"L’Erika s’est cassé à la fatigue, à force de tensions et de contre-torsions du fait de la houle et de la contrainte exercée au centre de la coque par les soulèvements alternatifs de l’avant puis de l’arrière", telle était la conclusion donnée, lundi 16 avril, par Dominique Paulet, architecte naval, nommé comme expert par le premier juge d’instruction, Mme de Talancé. Il a été appelé à donner son avis sur les causes du naufrage de l’Erika aux côtés du commandant Clouet, ingénieur de l’École navale, d’Hervé Chéneau et de Lucien Bekourian, ancien officier au long cours, possédant une spécialité dans le nettoyage des cuves.
L’architecte naval a signalé un certain nombre d’éléments qui, de son point de vue, ont pu affaiblir la résistance du navire. Le "flambage" sur le pont constaté par des membres de l’équipage aurait ainsi pu être provoqué par la compression exercée sur des lisses de pont qui n’étaient plus soudées au bordé de pont du fait de joints de soudures corrodés à 45 %, comme il a été observé lors de la visite préalable à Bijela, en février 1998.

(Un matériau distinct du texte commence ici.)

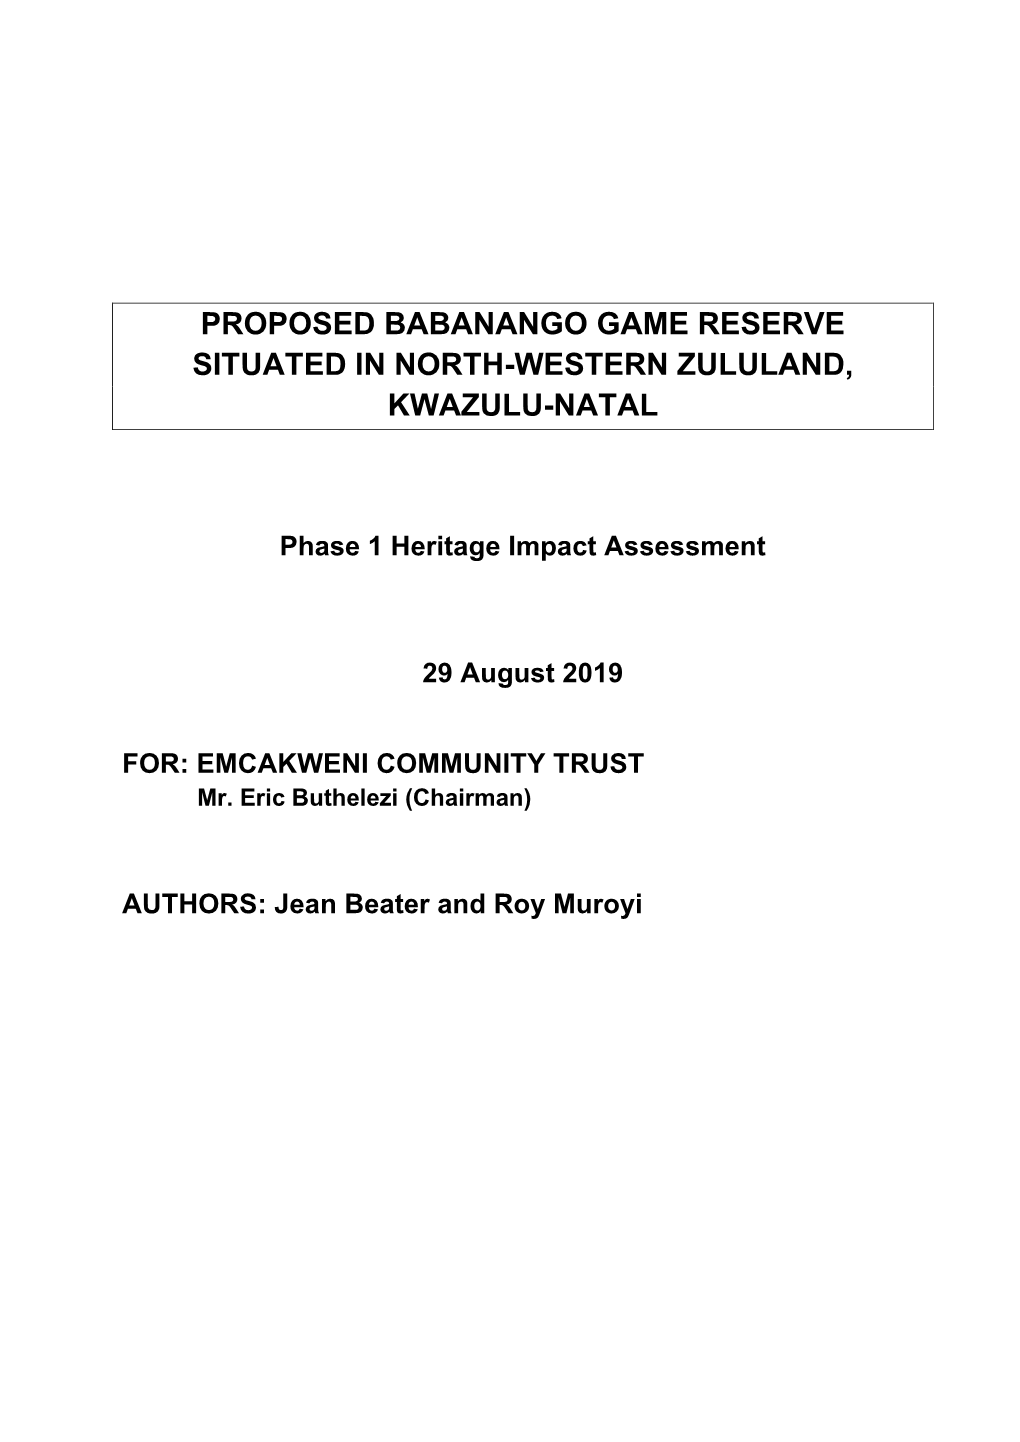 Proposed Babanango Game Reserve Situated in North-Western Zululand, Kwazulu-Natal

Le navire aurait par ailleurs été affaibli par le remplacement, dans les parties hautes de la cloison longitudinale de la citerne centrale, de tôles de 13 mm d’épaisseur, par des tôles de 10 mm, sur 22 m2et le remplacement de tôles 16 mm par des tôles de 12 mm sur 19 m2 du pont, tandis qu’une lisse sur deux seulement était remplacée. Ces zones perdant 25 % d’épaisseur avaient une résistance à la compression diminuée de 58 % et le module de flexion était diminué de 17 %.
Ces corrosions aggravées, cette faiblesse du pont en font un navire très en dessous de sa classe après Bijela. Il s’agissait d’un navire en fin de cycle d’exploitation avec de forts risques de défaillance structurelle et de corrosion. Le refus de la compagnie BP lors de son contrôle effectué à Augusta le 23 novembre 1999 d’accorder son feu vert à l’Erika met en évidence en tranche 2 un mauvais état des tôles de carreau et des défauts d’étanchéité des tapes de nettoyage, estime le commandant Clouet.
L’insuffisance de remplissage des soutes au départ de Dunkerque aurait par ailleurs obligé le navire à garder 3 000 t de ballast pour rester droit, ce qui aurait eu une incidence sur la gestion de la sécurité. L’insuffisance des soutes moteur aurait poussé le navire à faire route au mieux.
Pour les quatre experts, la cassure du navire s’amorce sur le pont par flexion dans la zone de plus grande faiblesse. Elle progresse ultérieurement aux bordés hauts et à leurs structures adjacentes. Au-delà, la destruction s’opère par torsion et la cassure se termine aux fonds.
Au président du tribunal qui lui demande quelle est la cause du naufrage du navire, le commandant Clouet répond que "l’Erika a cédé par le fond. Ce n’est pas par l’eau qu’il aurait absorbée par les fissures du pont qu’il a pu casser, puisque ses citernes étaient pleines".